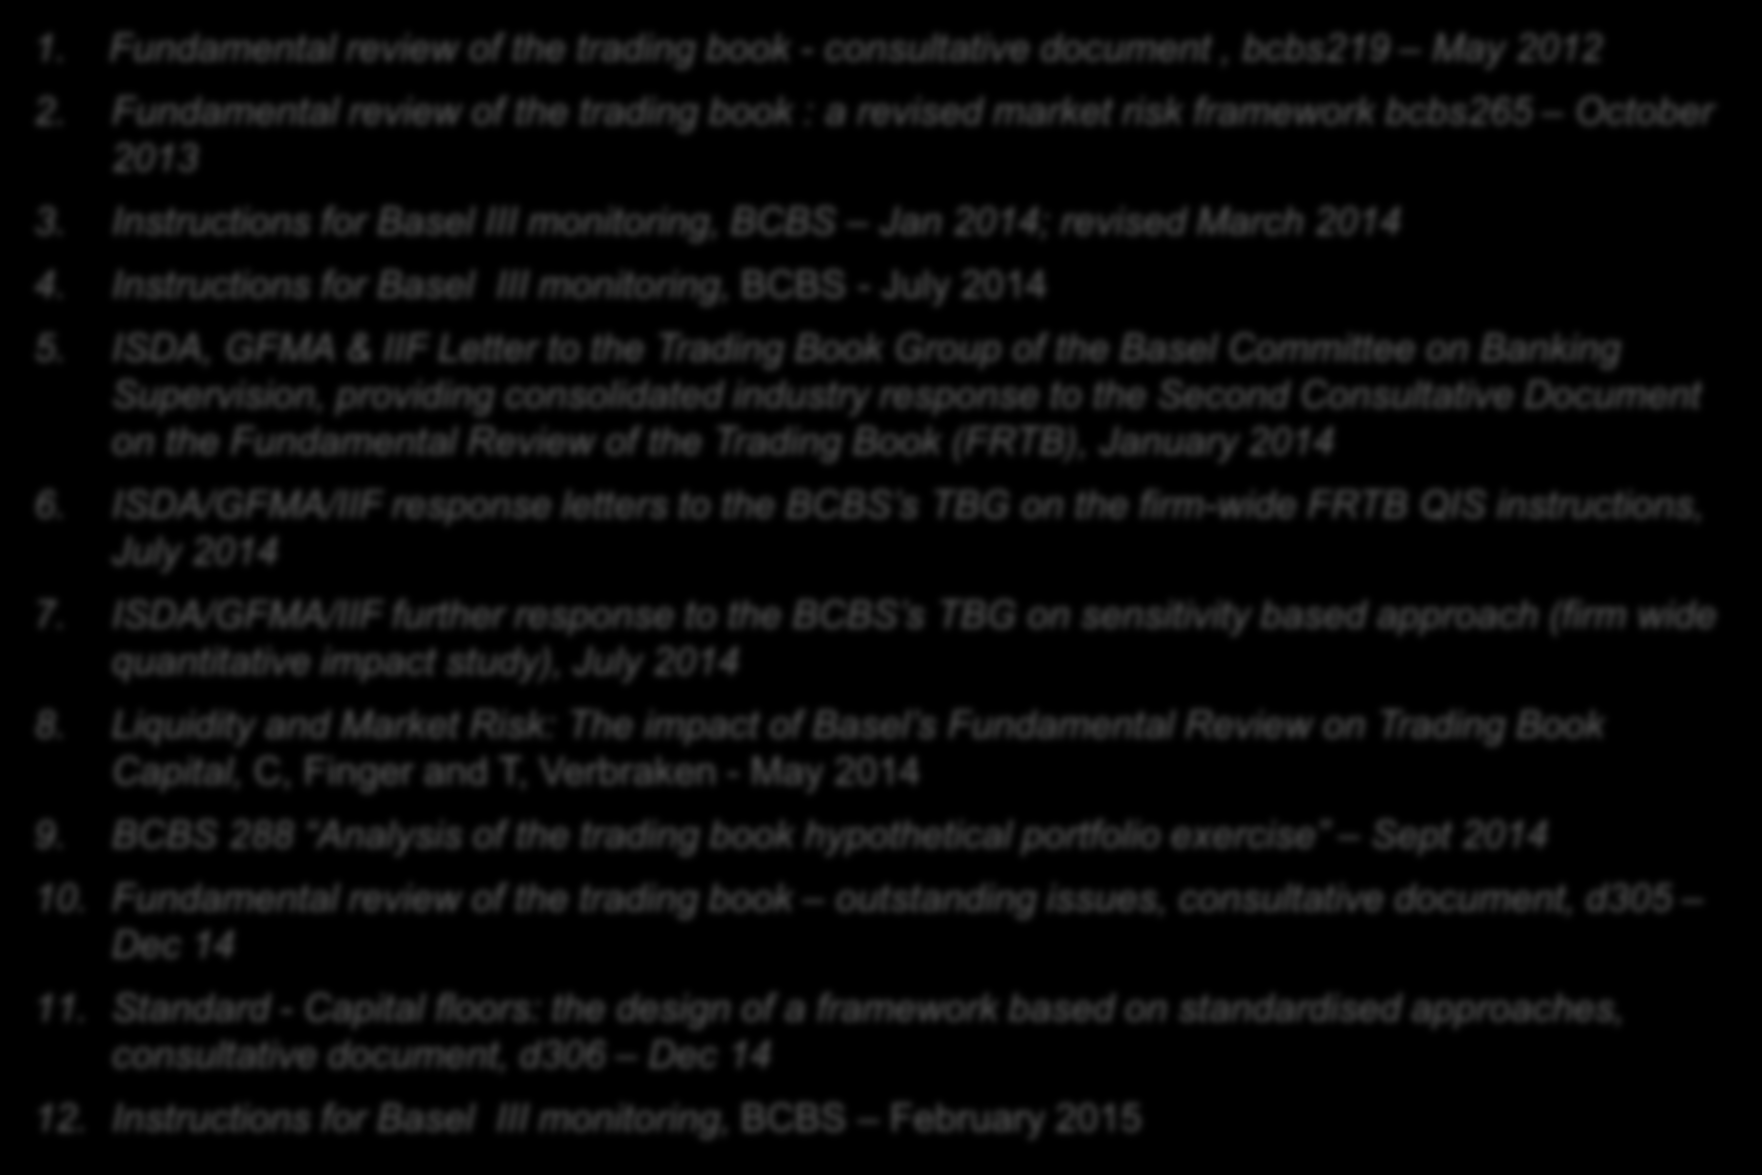 Bibliografia 1. Fundamental review of the trading book - consultative document, bcbs219 May 2012 2. Fundamental review of the trading book : a revised market risk framework bcbs265 October 2013 3.
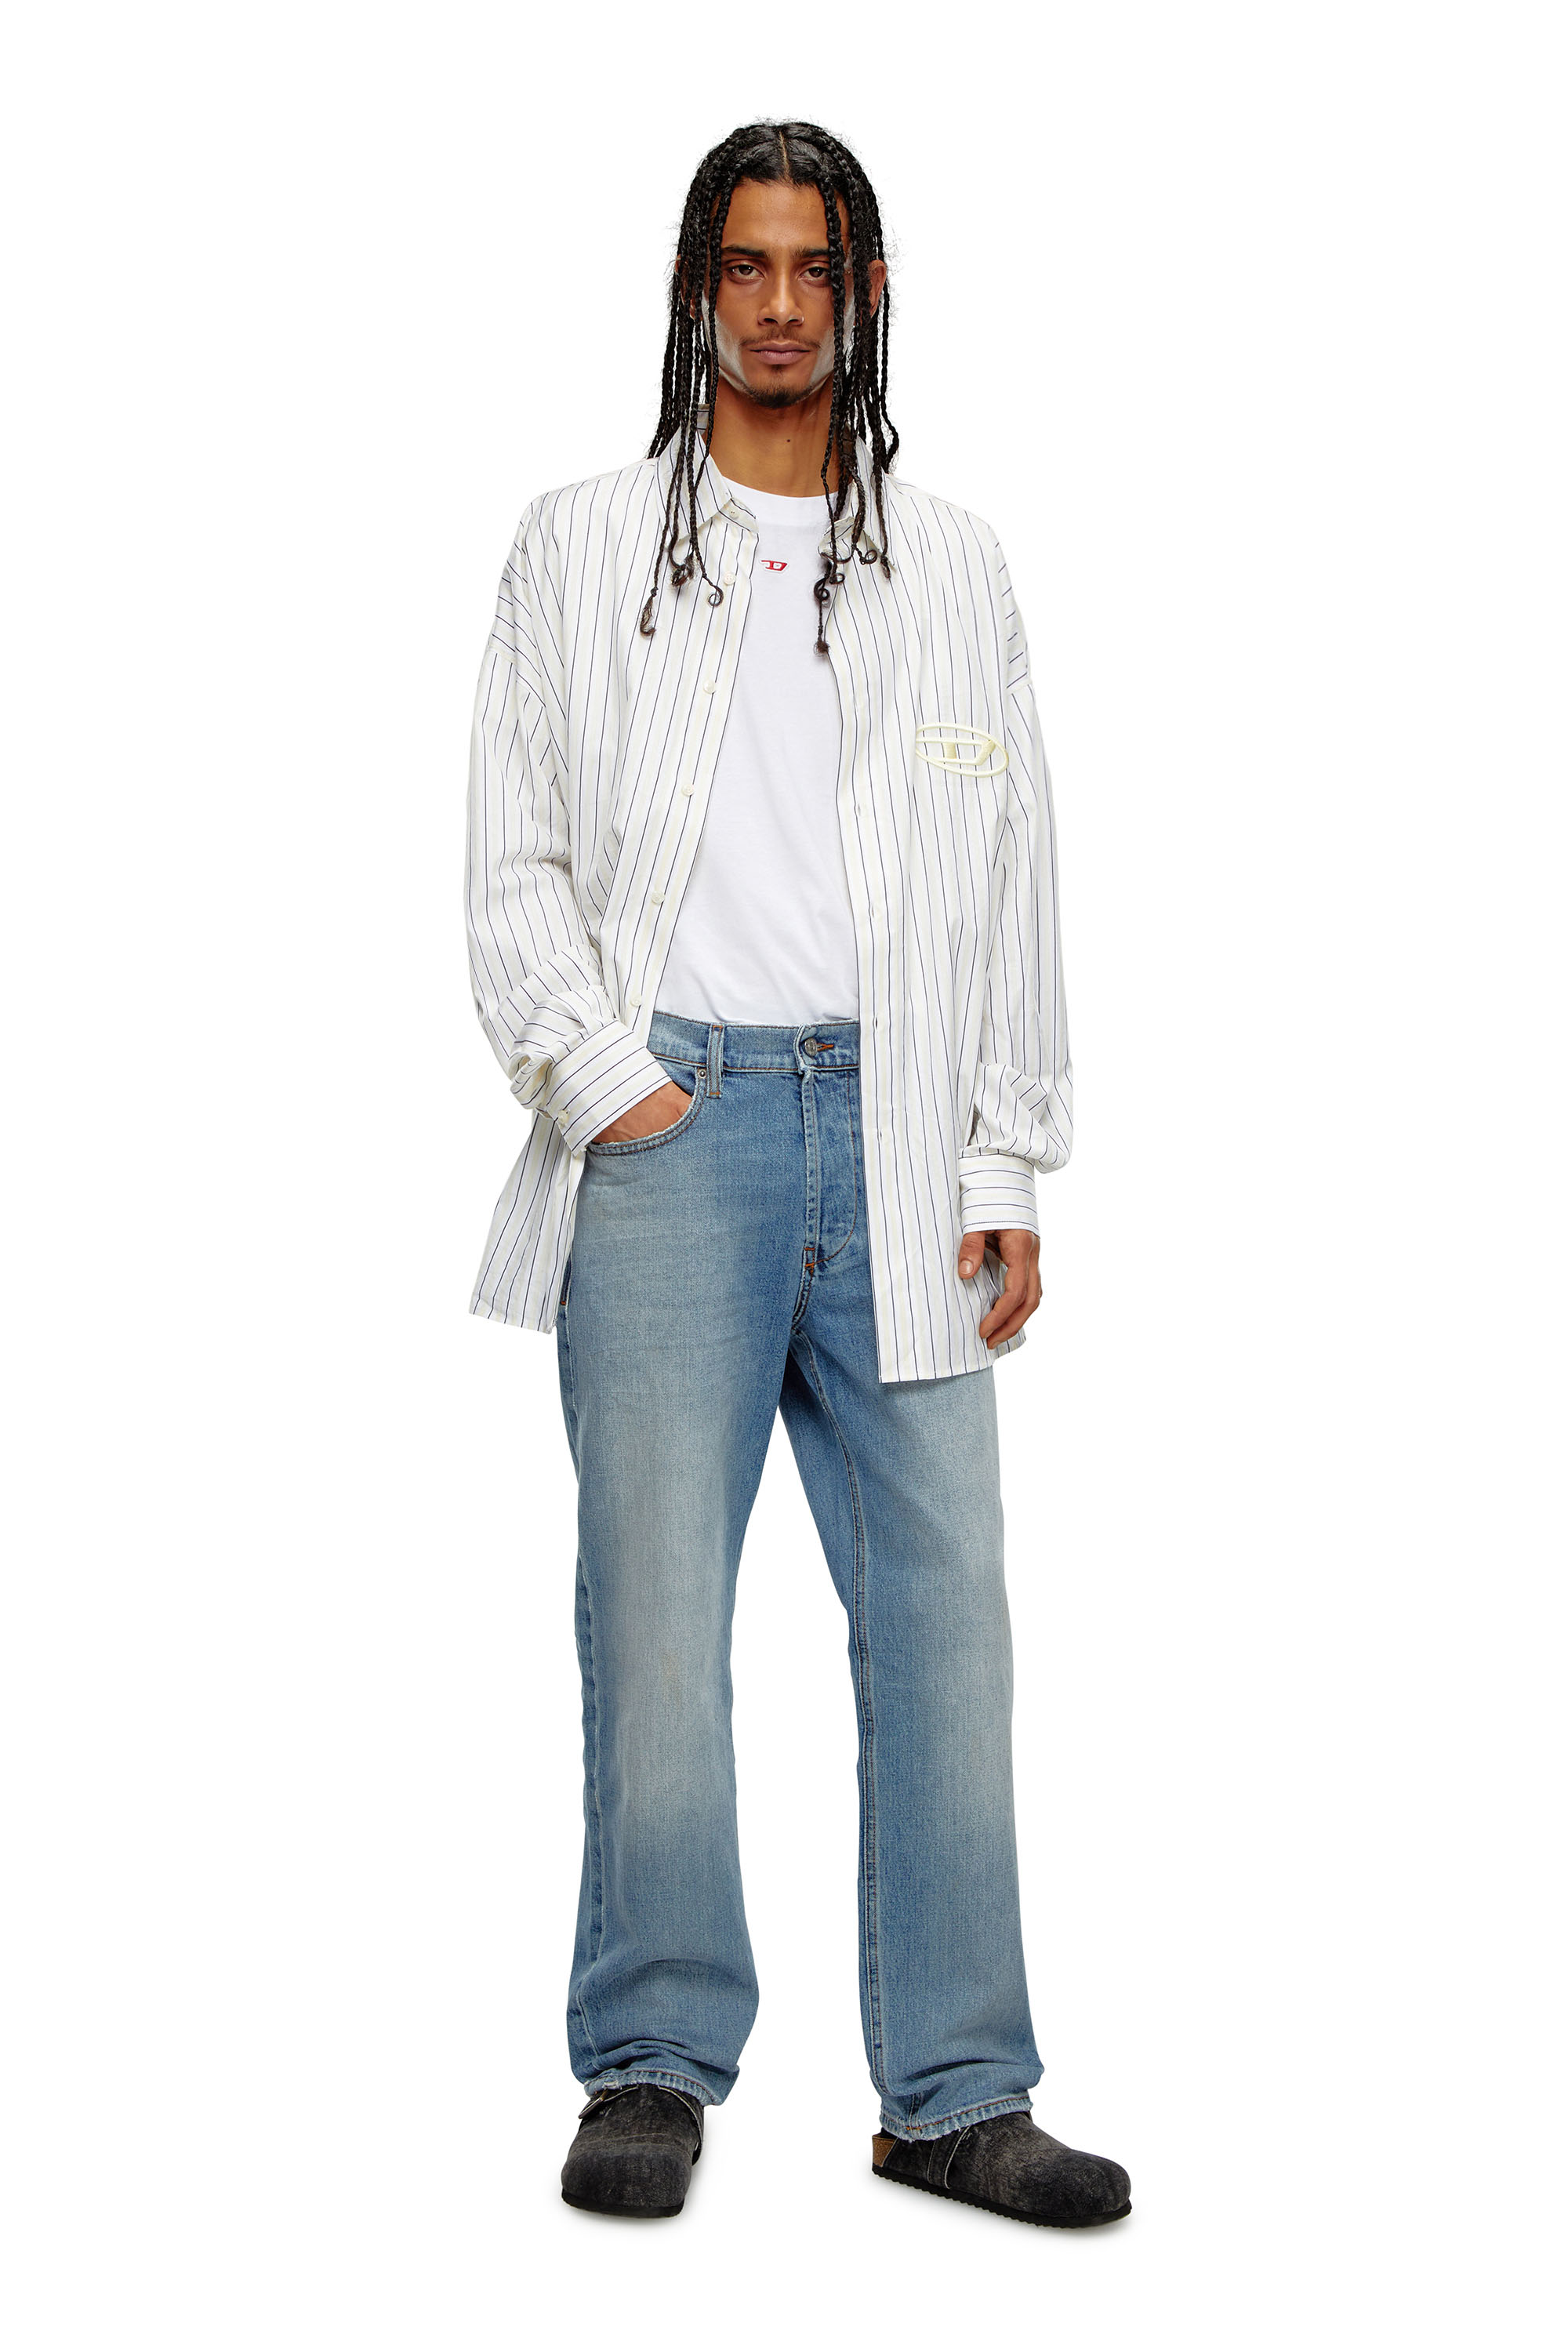 Men's New Denim: Jeans, Shirts, Bomber & Moto Jackets
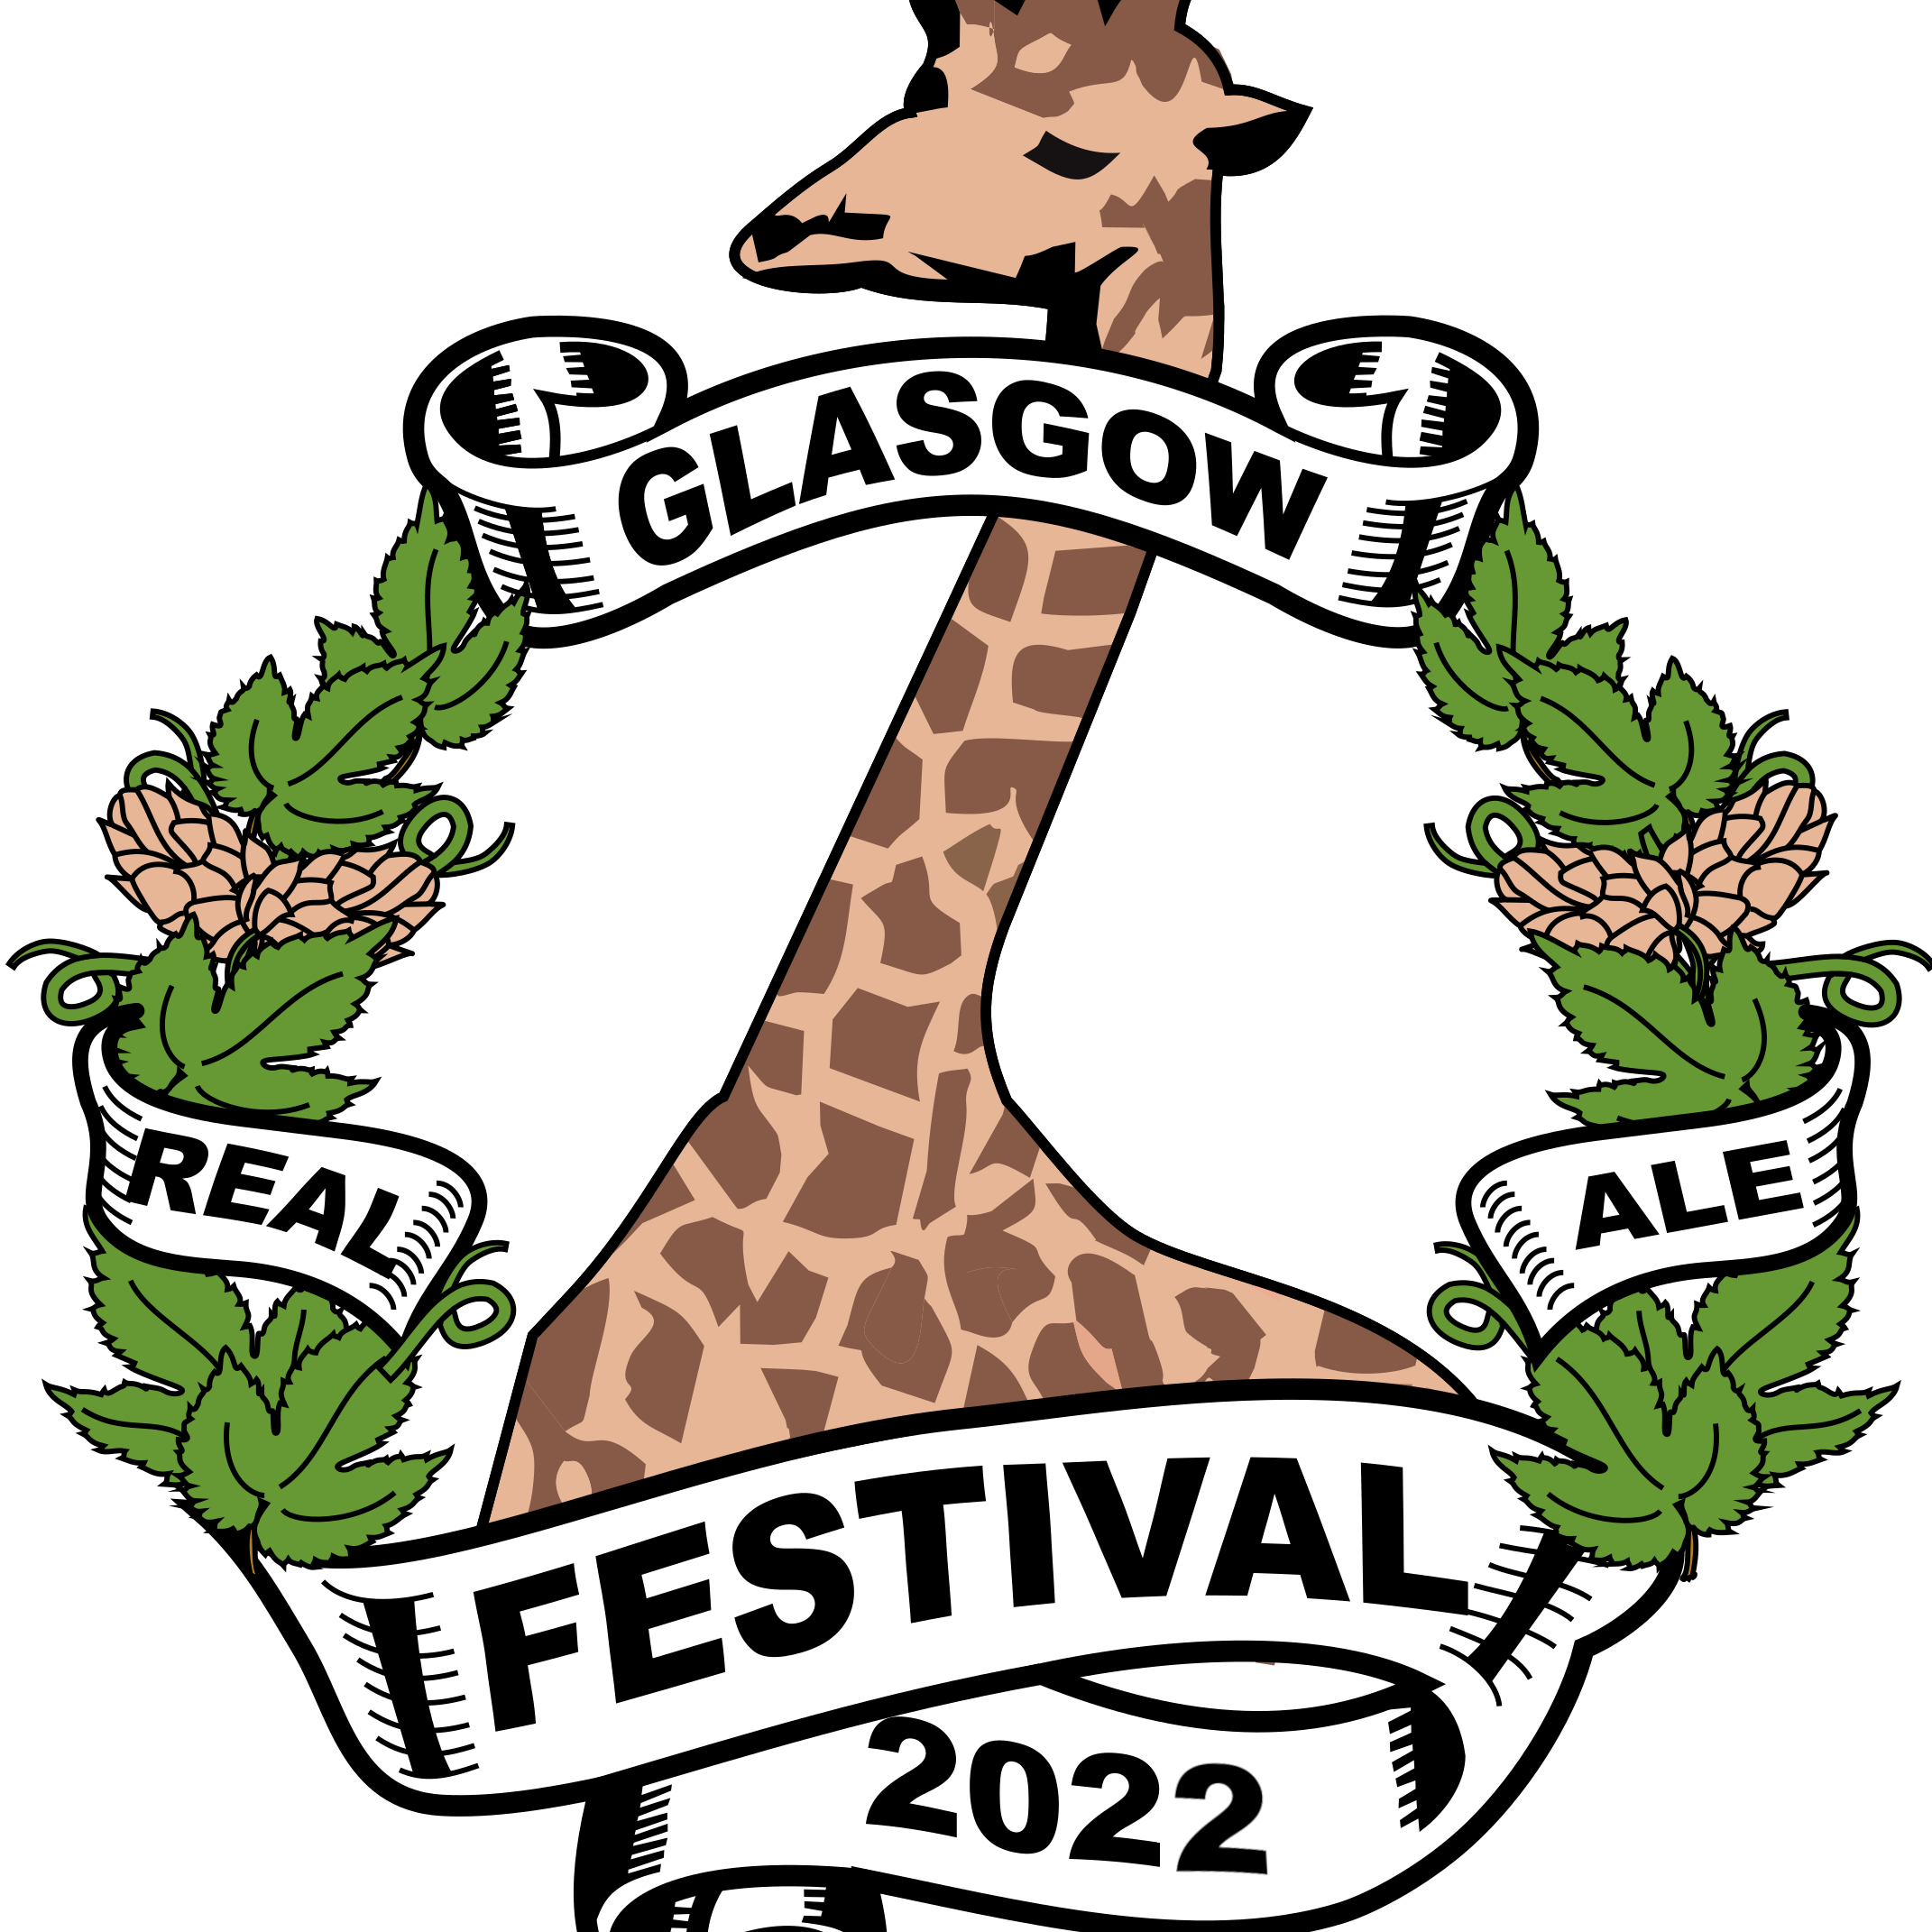 Glasgow Real Ale Festival 2022

********

*Task directions*
An image-free, exact version of the listing above is required.

*The answer*
 Bibliografia 1. Fundamental review of the trading book - consultative document, bcbs219 May 2012 2. Fundamental review of the trading book : a revised market risk framework bcbs265 October 2013 3.
 Men's New Denim: Jeans, Shirts, Bomber & Moto Jackets
 Glasgow Real Ale Festival 2022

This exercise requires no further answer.